Blowing the Lid off Glazes

Glazes seem to be a mysterious thing to many. I’m going to blow the lid off of them right here and  now.

There are a couple of ways to mix a glaze. The idea is to give some transparency to your paint. So you can do it with water. The problem with adding too much water to acrylics is that it thins the adhesion (aka gluing) power of your paint. I try to never go more than 50/50 water and paint. Water allows you to get some really neat effects that you can’t get with other methods of glazing. It lets the paint get really runny. I like that in some areas.

Another method is to use glaze medium. Glaze medium has a runny consistency, pours well, dries clear and is essentially the binder in acrylic paint. It’s great stuff. Liquitex makes a great glaze medium as does golden. Golden has 2 finishes, gloss and satin. While I’m a liquitex paint fan, I’m a fan of Golden’s mediums, mainly because it does come in satin. Adding glazing medium to your paint will make it both translucent and glossy. You can add as much glaze medium to your paint as you want it will dry and it retains its ability to stick to the canvas and previous layers. You can also then add water to your glaze.

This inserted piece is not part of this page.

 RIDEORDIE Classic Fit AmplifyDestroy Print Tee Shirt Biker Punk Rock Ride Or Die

You can also use matte medium and gel medium as a base for your glaze. These have a thicker consistency than glaze medium. These work well if you want to work impasto or just wish to have your brush strokes be more visible.

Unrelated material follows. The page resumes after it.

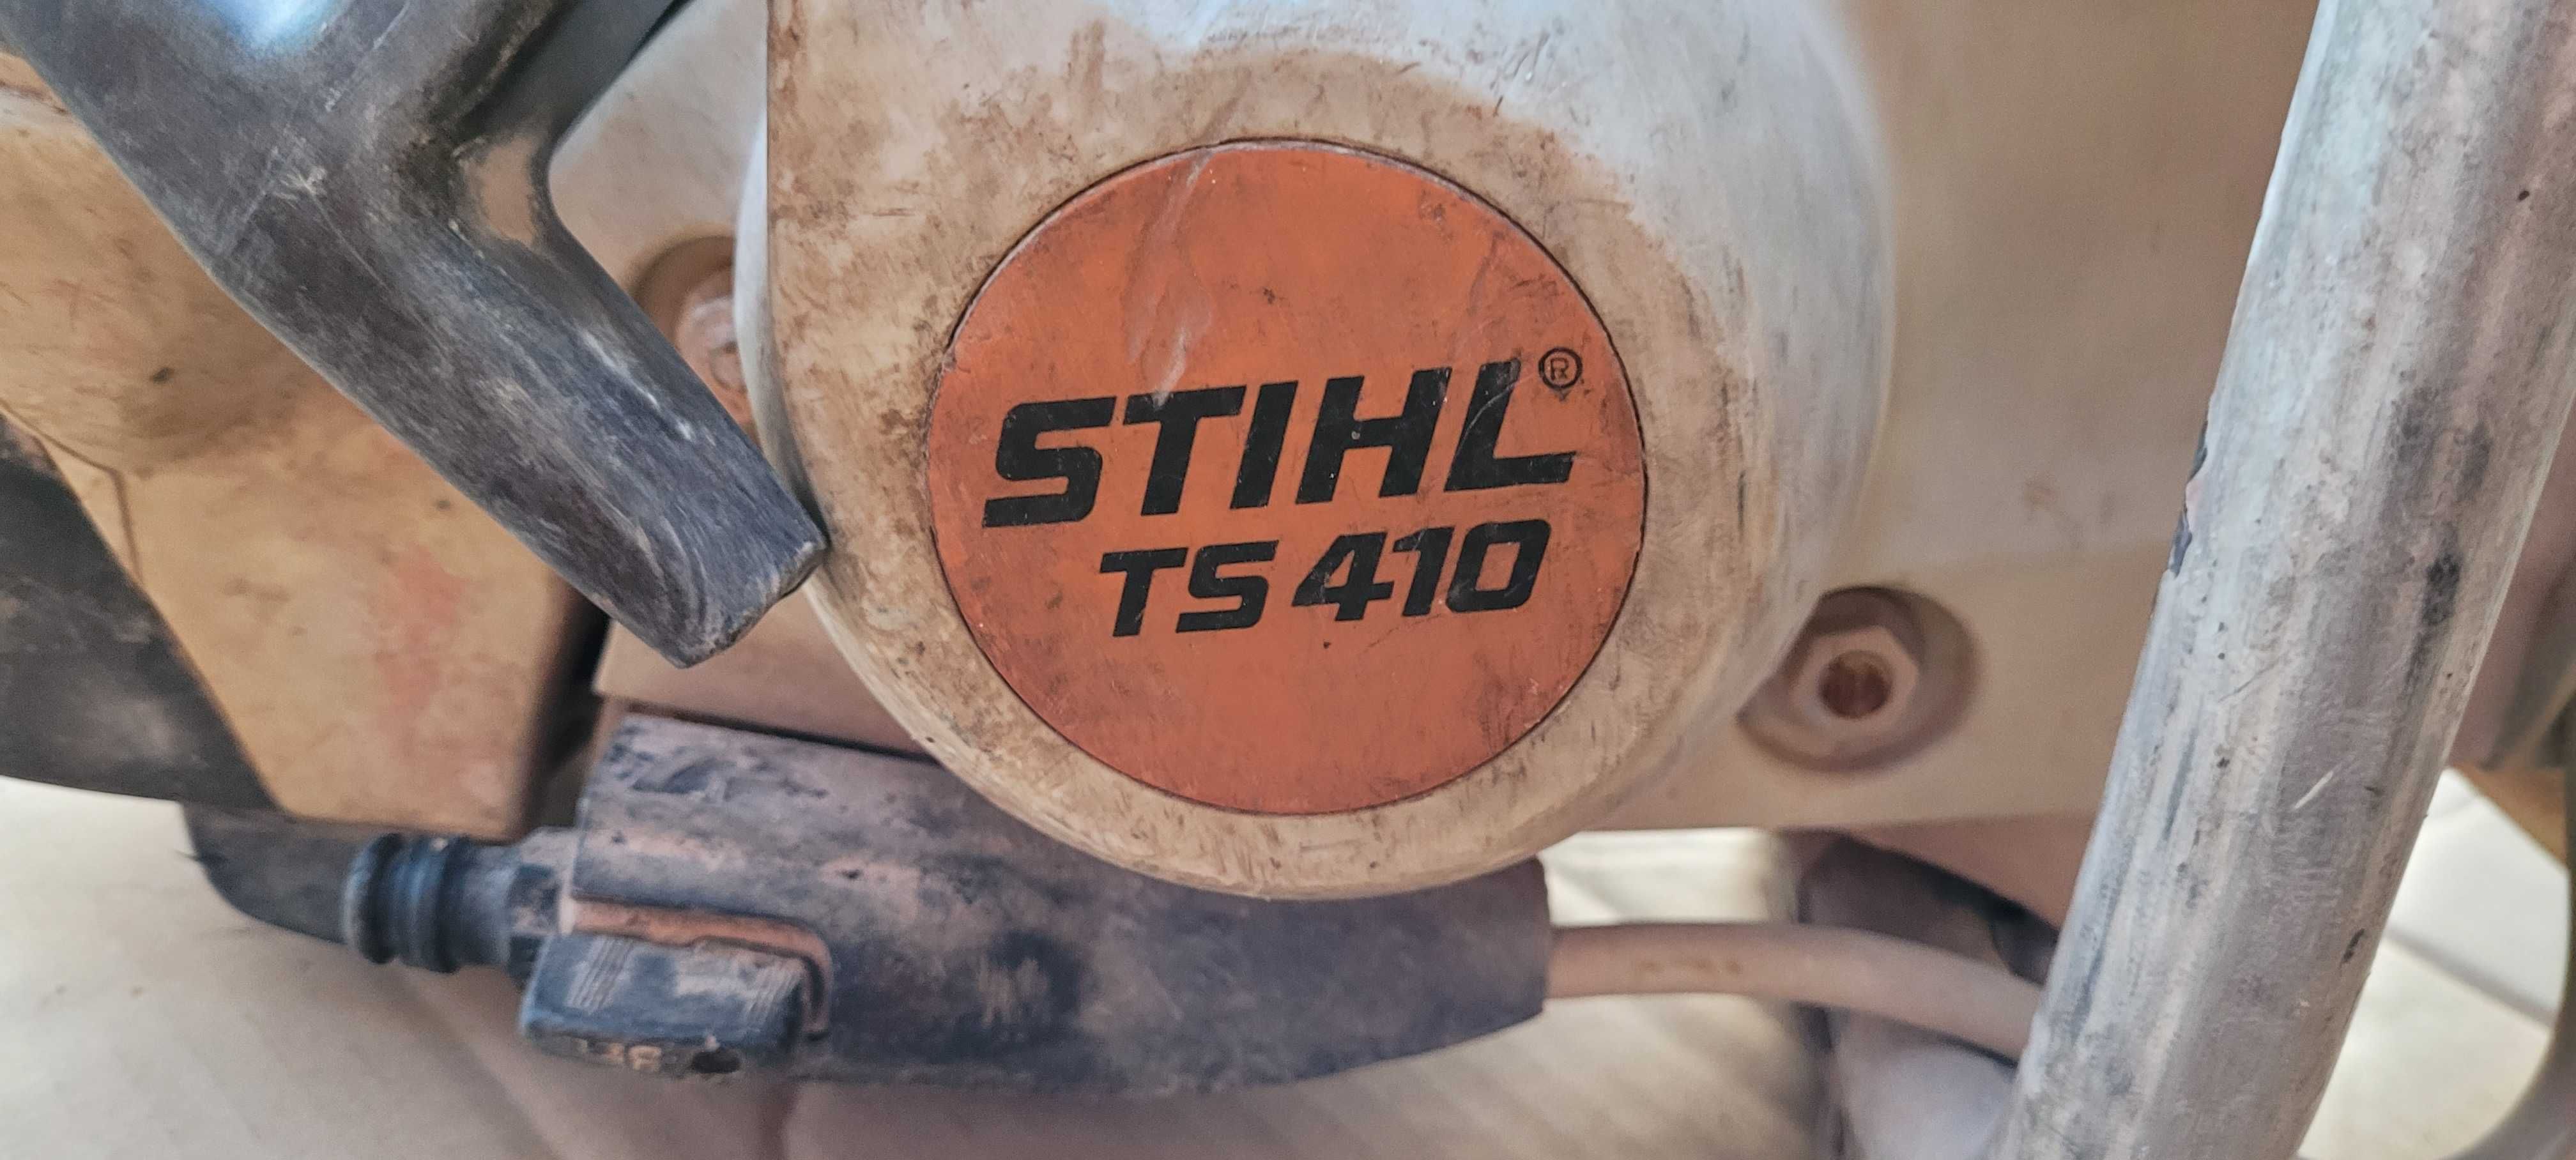 Piła STIHL TS 410 przecinarka kostki betonu spalinowa

Different paints have different tinting strengths. You’ve probably noticed this as you paint. Some colors you have to put heavier coats and more coats to cover the previous layers. Some colors will cover over any other color with a single thin brush stroke. This will affect how much paint you mix with your medium to make a glaze. With most of my colors I start with a 50/50 mix of paint to medium. I mix it thoroughly and then test it on a spot on my pallet. If I think it’s too opaque I add more medium. There is no scientific mixture to demystify how much paint to add, just get a scrap of paper or a spot on your pallet to test things. If you really want to go thin start with 75% glaze and 25% paint. You can always add a touch more paint, or another layer of glaze.

The great thing about glaze is that you can build up layer after layer of color and get a mix of colors or just the final darkness you’re seeking. The thin layers of glaze also allow light to filter through. The old masters used it to build up layers of paint that seemed to glow. And the reality is they did in a way. Each thin layer of glaze reflected light through the paint. You can also use pure color in glazes that overlay each other. They will mix visually to create a different color.

Glaze medium and other mediums tend to dry faster than pure paints. You can add what is called retarder to the mix, or more water. But Be aware that occasionally when you go to reach for you glaze you may find it dried out on your pallet!

You can also buy pre-mixed glazes, but where is the fun in that?